Expanding the relay monitor

The following is a mini-report of my EPF project work on expanding the feature set of relay monitor. This can also be used as a paired read along with this PR that implements the actual changes to the functionality. This report assumes some familiarity with the MEV supply chain, PBS, and mev-boost.

In terms of background reading on MEV, I made a page with all my notes, roughly organized / tagged as part of my reading-up during the first few weeks of EPF. It can be found here:

https://hackmd.io/@andriidski/Hkl6Jh_nBn

There are also slides from my short presentation / demo to the EPF fellows, which can be found here:

https://docs.google.com/presentation/d/1OjwVr5jGSGLKNj3u3h7ijw8hU49DX16b4SoI2Y5DEck/edit?usp=share_link

And recording of the presentation / demo:

https://youtu.be/oF_BRlXMVNY?t=6471

TLDR

For a chunk of the EPF program duration I’ve expanded the feature set of the relay monitor to include
- Bid collection + persistence
- Bid analysis + persistence
- Queryable data based on time (slots)
  - Bid statistics — aggregate faults per category
  - Bid records — lists of bid fault records per category
- Relay scoring based on the persisted bid collection + analysis (POC)
  - Reputation scoring
  - Bid delivery rate scoring
API spec for what the monitor should do and which endpoints it exposes.
- https://spec.rm.mev.software for a rendered spec
- https://github.com/andriidski/relay-monitor-specs github repo
Deployed monitor running on Sepolia network

Introduction

On today’s Ethereum network (as of early March 2023) about 90% of blocks are being routed through parties called relays and originating from specialized parties referred to as the “builders”. This reality represents the current state of out-of-protocol proposer-builder separation (PBS) and is largely possible due to the work of the Flashbots collective R&D in delivering the original architecture to interface with post-merge PoS Ethereum as well as the actual software pieces (binaries) that are run in production today.

In the current PoS Ethereum ↔ MEV world the relays exist in order to broker the communications between the builders and the validators.

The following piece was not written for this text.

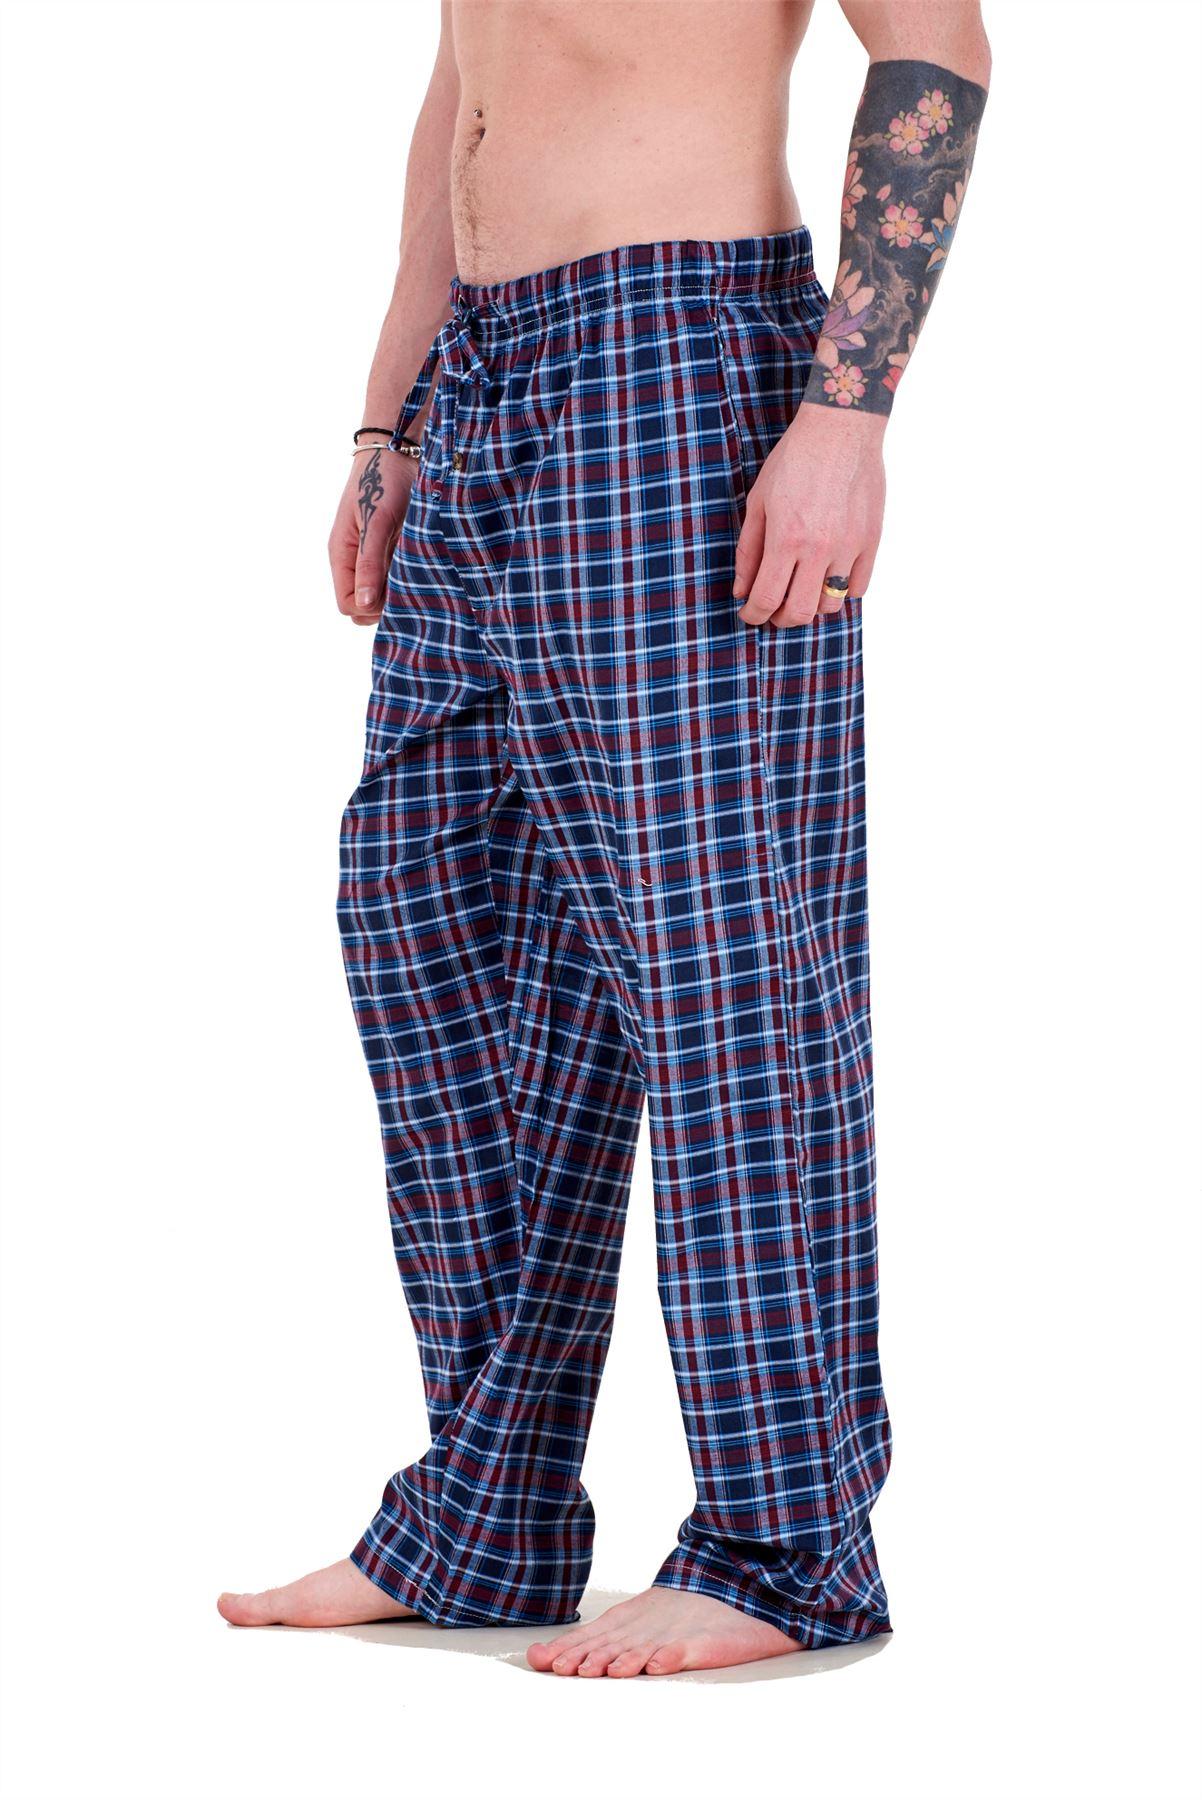 Mens-Pyjama-Bottoms-Rich-Cotton-Woven-Check-Lounge-Pant-Nightwear-Big-3XL-to-5XL Indexbild 54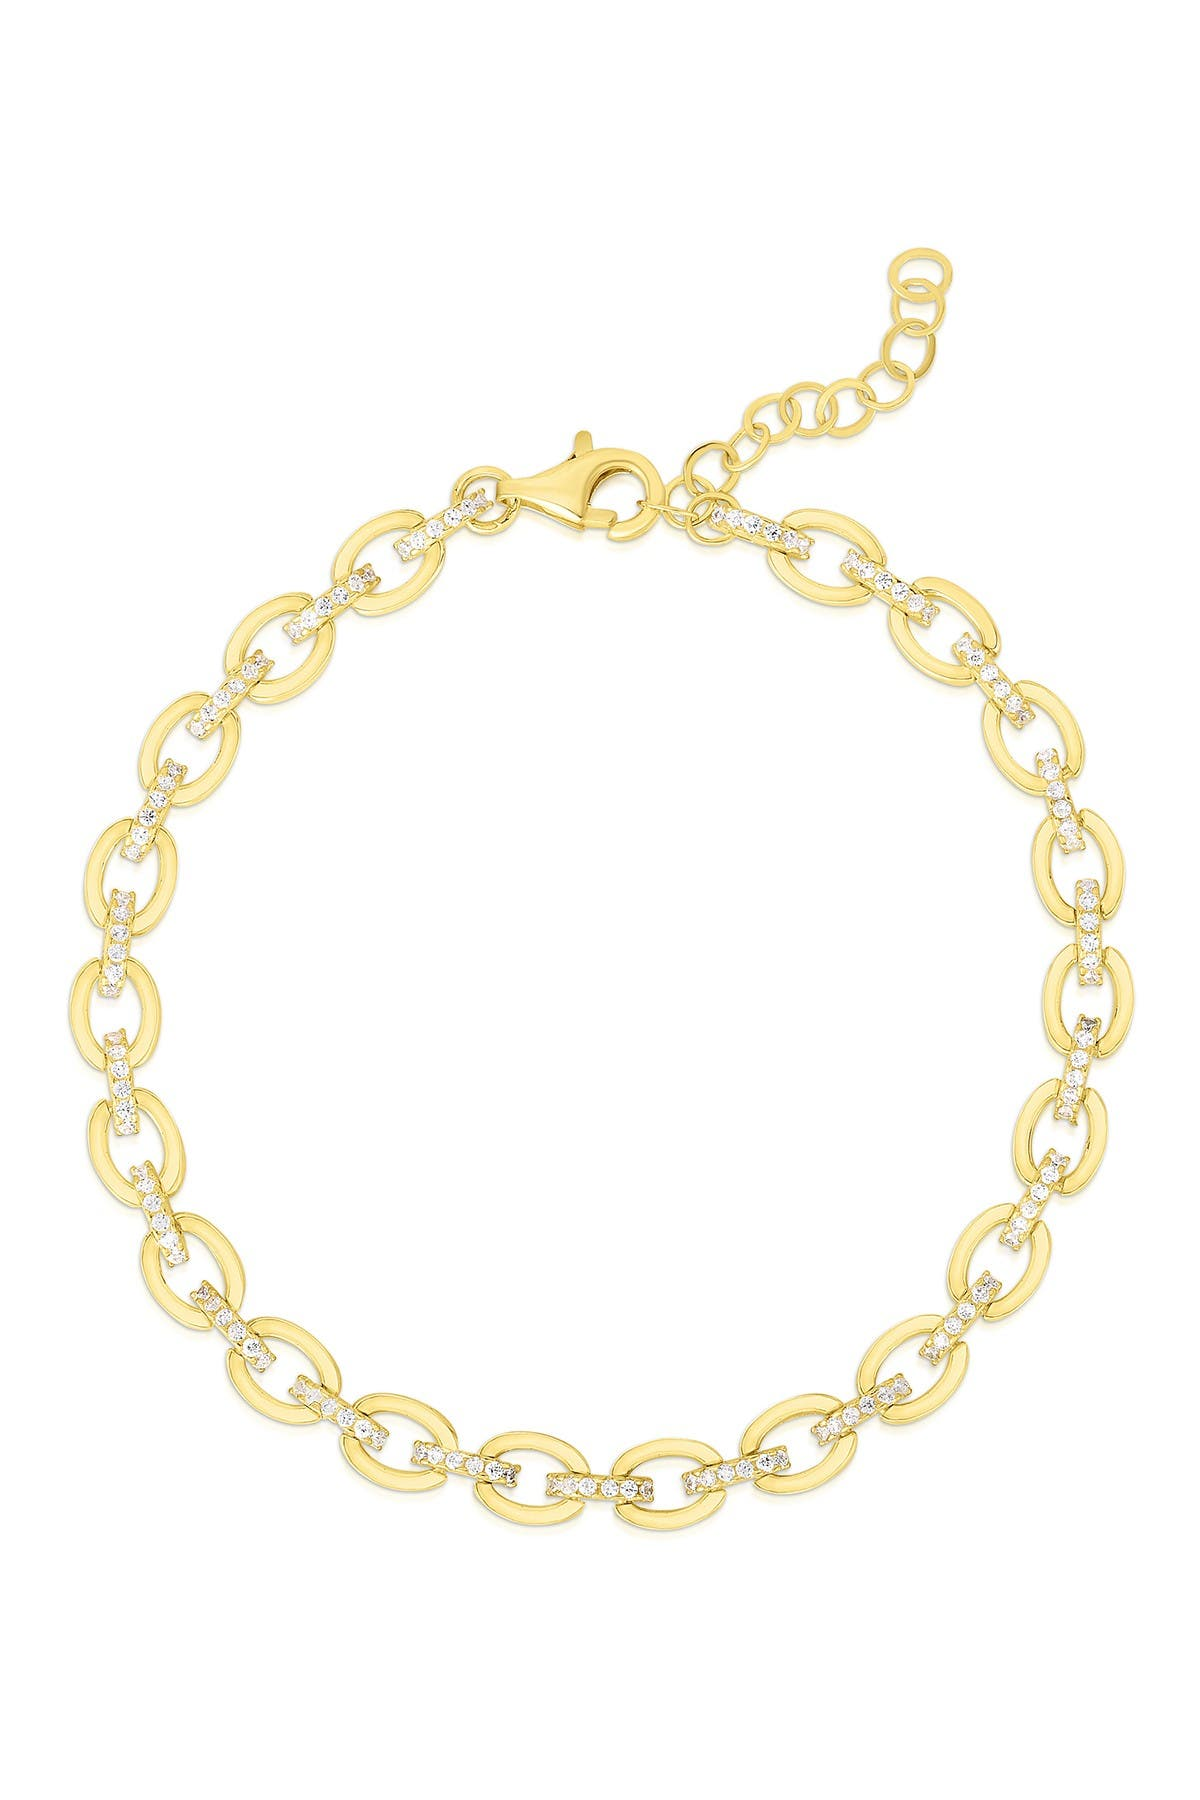 Image of Sphera Milano Gold Vermeil Link Bracelet

Validators are able to opt-in to outsource block construction by running a sidecar piece of software that does the “requesting” of the blocks. Assuming the two roles are logically separated, one of the fundamental problems is that the two parties do not trust each other. If block construction is outsourced and sent over with a bid to the validator directly, a validator willing to run extra software will be able to take it for themselves by modifying the block and claiming they have built it, with no way for the builder to prove malfeasance. At the same time, a builder tasked with providing blocks for proposers that are “dumb”, and await blocks that they will blindly propose, may have incentives to grief all or specific proposers by building invalid blocks that may claim to payout the proposer a big sum of money in return for block inclusion but in reality have transactions/block data that are invalid w.r.t consensus. We also have no guarantees about builder / proposer relationships: it may be the case at any given time that both the builder and the validator are under the control of the same entity. Separating the two roles is mainly about sweeping many problems to a single side (the one where the validator isn’t on).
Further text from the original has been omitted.